Tabby kitten raising paw toward spider plant in wicker pot labeled Khlorofitum on wooden windowsill

Are Spider Plants Toxic to Cats?

No. The ASPCA lists spider plant (Chlorophytum comosum) as non-toxic to cats. Spider plants do not contain compounds that cause organ damage, kidney failure, or systemic poisoning in cats. This puts them in a fundamentally different category from genuinely dangerous plants like lilies, which can cause acute kidney failure in cats from a single leaf.

What spider plants do contain are saponins — chemical compounds that can irritate the digestive tract if a cat eats a significant amount. The result is GI upset (vomiting, loose stool) that is unpleasant but self-resolving. The plant also contains compounds that may have a mild euphoric effect on cats, which is why cats seek it out more than other houseplants — more on this below.

When my neighbor called in a panic because her cat had been chewing on her spider plant for an hour, the first thing I told her was: check the ASPCA website right now, and you’ll see “Non-Toxic to Cats” in plain text. It took about 30 seconds to go from panic to relief. The plant’s non-toxic status is the correct answer — the rest of this article is about what else matters.

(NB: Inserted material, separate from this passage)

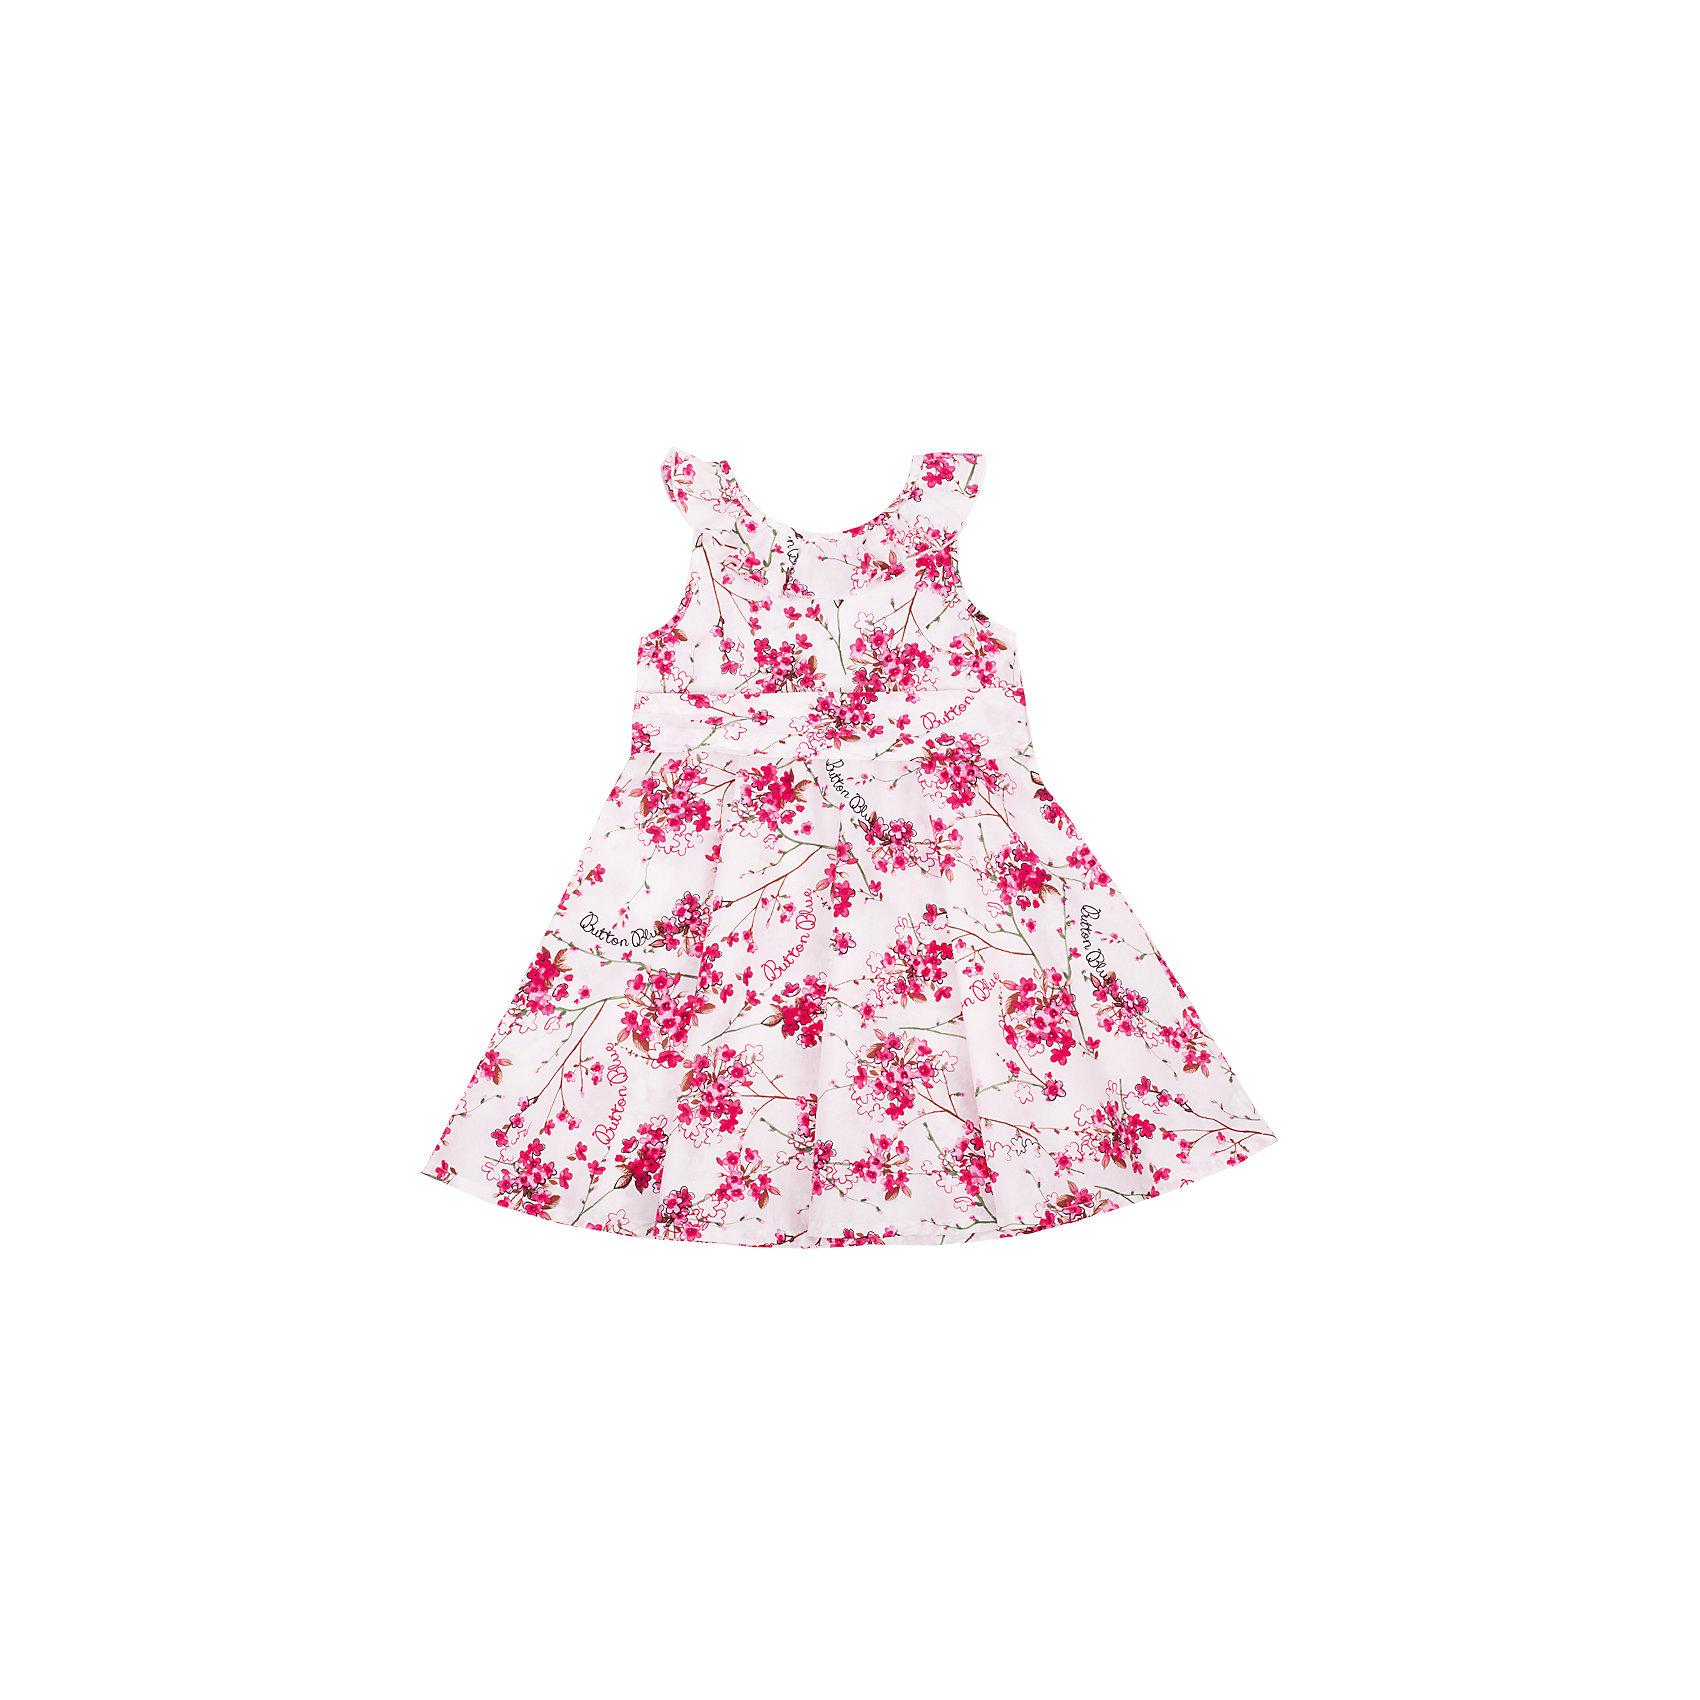 Платье для девочки Button BlueОдежда<br>Классный сарафан с цветочным рисунком - отличный вариант и на каждый день, и на выход. Он выглядит ярко, сделан из 100% хлопка, прекрасно сидит и смотрится на фигуре. Отличное качество и доступная цена прилагаются. Если Вы хотите купить красивый сарафан для девочки недорого и быстро, сарафан Button Blue - то, что нужно!<br>Состав:<br>100% хлопок<br><br>Ширина мм: 236<br>Глубина мм: 16<br>Высота мм: 184<br>Вес г: 177<br>Цвет: разноцветный<br>Возраст от месяцев: 24<br>Возраст до месяцев: 36<br>Пол: Женский<br>Возраст: Детский<br>Размер: 98,104,110,122,116<br>SKU: 4510810

Orange tabby cat sleeping peacefully on cream armchair next to spider plant on plant stand near bright window

Are Spider Plants Toxic to Dogs?

No — also non-toxic to dogs by the same ASPCA classification. The mechanism of any GI upset (saponins) is the same for dogs as for cats, and the non-toxic classification applies to both. Dogs that chew spider plants may experience vomiting or loose stools if they eat a substantial amount, but there’s no systemic toxicity concern.

Dogs are generally less attracted to spider plants than cats — they don’t experience the same behavioral response to the plant’s compounds. A dog chewing a spider plant is usually doing it out of boredom or play, not because the plant is compelling to them the way it is to many cats.

Grey tabby kitten and golden retriever dog in living room with spider plant with runners on wooden side table

Why Are Cats So Attracted to Spider Plants?

Two separate mechanisms explain why cats go after spider plants so reliably — and understanding them helps you manage the behavior more effectively.

The Movement Factor

Spider plants produce long arching runners with small plantlets (spiderettes) hanging at the ends. These dangle and sway with air movement — almost exactly mimicking prey. A cat’s hunting instinct responds to dangling movement in the same way it responds to a toy on a string. The spiderettes are actually more compelling than the main plant body for this reason, and they’re often at a more accessible height. A cat that ignores a spider plant on a high shelf will sometimes attack the spiderettes that hang down toward cat level.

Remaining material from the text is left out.